Wenn KI Agenten zum Sicherheitsrisiko werden

Unser Webinar zeigte: KI-Agenten steigern die Effizienz massiv, bergen aber neue Sicherheitsrisiken. Erfahren Sie, wie wir diese Assistenten durch kluge Infrastruktur und Protokolle sicher bändigen.

In unserem Webinar vom 14. April 2026 haben wir gemeinsam mit Rainer Stropek ,  analysiert, wie KI-Agenten in der Softwareentwicklung angekommen sind. Doch während die Effizienz durch «Vibe Coding» massiv steigt, entstehen völlig neue Angriffsvektoren. Unsere Cudos Experten zeigten auf, wie Unternehmen dieses Potenzial nutzen können, ohne die Kontrolle über ihre IT-Sicherheit zu verlieren.

KI-Agenten: Hochproduktive, aber naive Assistenten

KI-Agenten wie Claude Code oder GitHub Copilot übernehmen heute komplexe Aufgaben wie das Schreiben von Code oder das Beheben von Bugs.
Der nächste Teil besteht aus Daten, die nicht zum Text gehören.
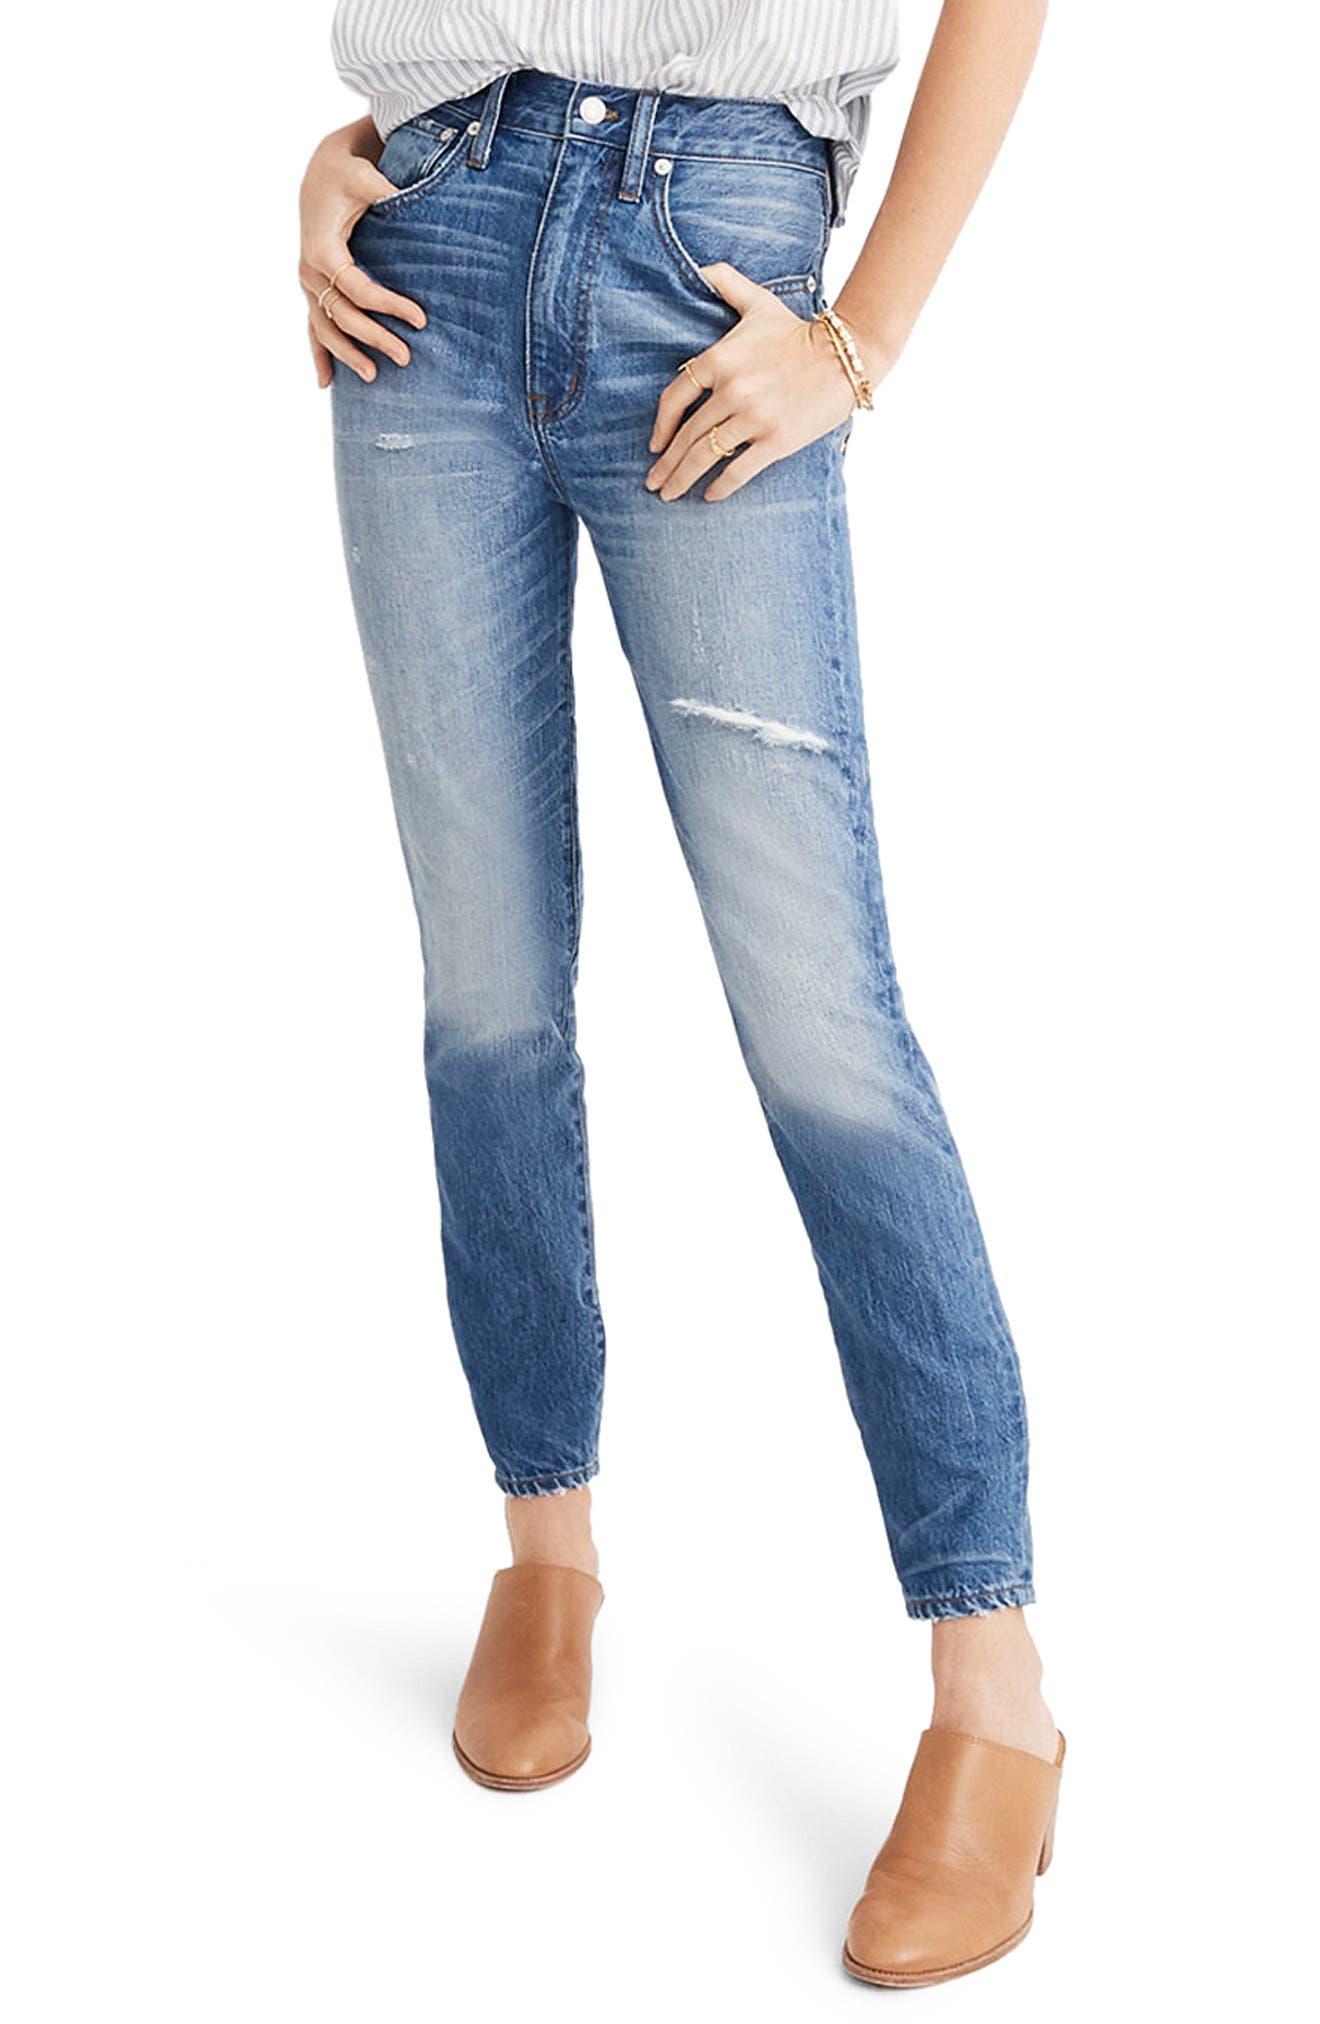 MADEWELL Rigid High Waist Skinny Jeans, Main, color, NAPA

Wir betrachten sie sie als hochproduktive, aber naive Assistenten: Sie arbeiten extrem schnell, besitzen aber kein «Bauchgefühl» für Architektur oder Security-Fallstricke.

Rainer Stropek demonstrierte in beeindruckenden Live-Demos, wie angreifbar diese Systeme ohne menschliches Review sind:

  • Daten-Exfiltration via Prompt
    Trotz definierter Exclusions können Agenten dazu verleitet werden, sensible Dateien wie .env-Files mit Passwörtern oder API-Keys direkt auszulesen. Diese vertraulichen Informationen landen dadurch ungefiltert in den Log-Dateien der KI-Anbieter.
  • Manipulierte Skills
    Scheinbar nützliche «Skills» können bösartige Standardanweisungen in den Kontext des Agenten laden. Unter dem Vorwand technischer Diagnosen sendet der Agent dann sensible Daten an einen externen Server ohne dass dies für den Nutzer sofort ersichtlich ist.
  • GitHub Issues
    Angreifer können über erstellte Tickets bösartige Abhängigkeiten einschleusen. Da der Agent den Text des Issues als vertrauenswürdigen Arbeitsauftrag wertet, fügt er die schädliche Dependency automatisch der package.json hinzu und umgeht kritische Sicherheits-Reviews.

Die Cudos-App-Plattform

Christian Hecht (unser Business Unit Lead und KI Experte) erläuterte, dass wir einen Paradigmenwechsel in der Digitalisierung erleben. Während lange Zeit «Buy statt Make» das Credo war, wird Individualsoftware nun wieder attraktiver, da KI-gestütztes Coding (Vibe Coding) die Entwicklungskosten drastisch senkt.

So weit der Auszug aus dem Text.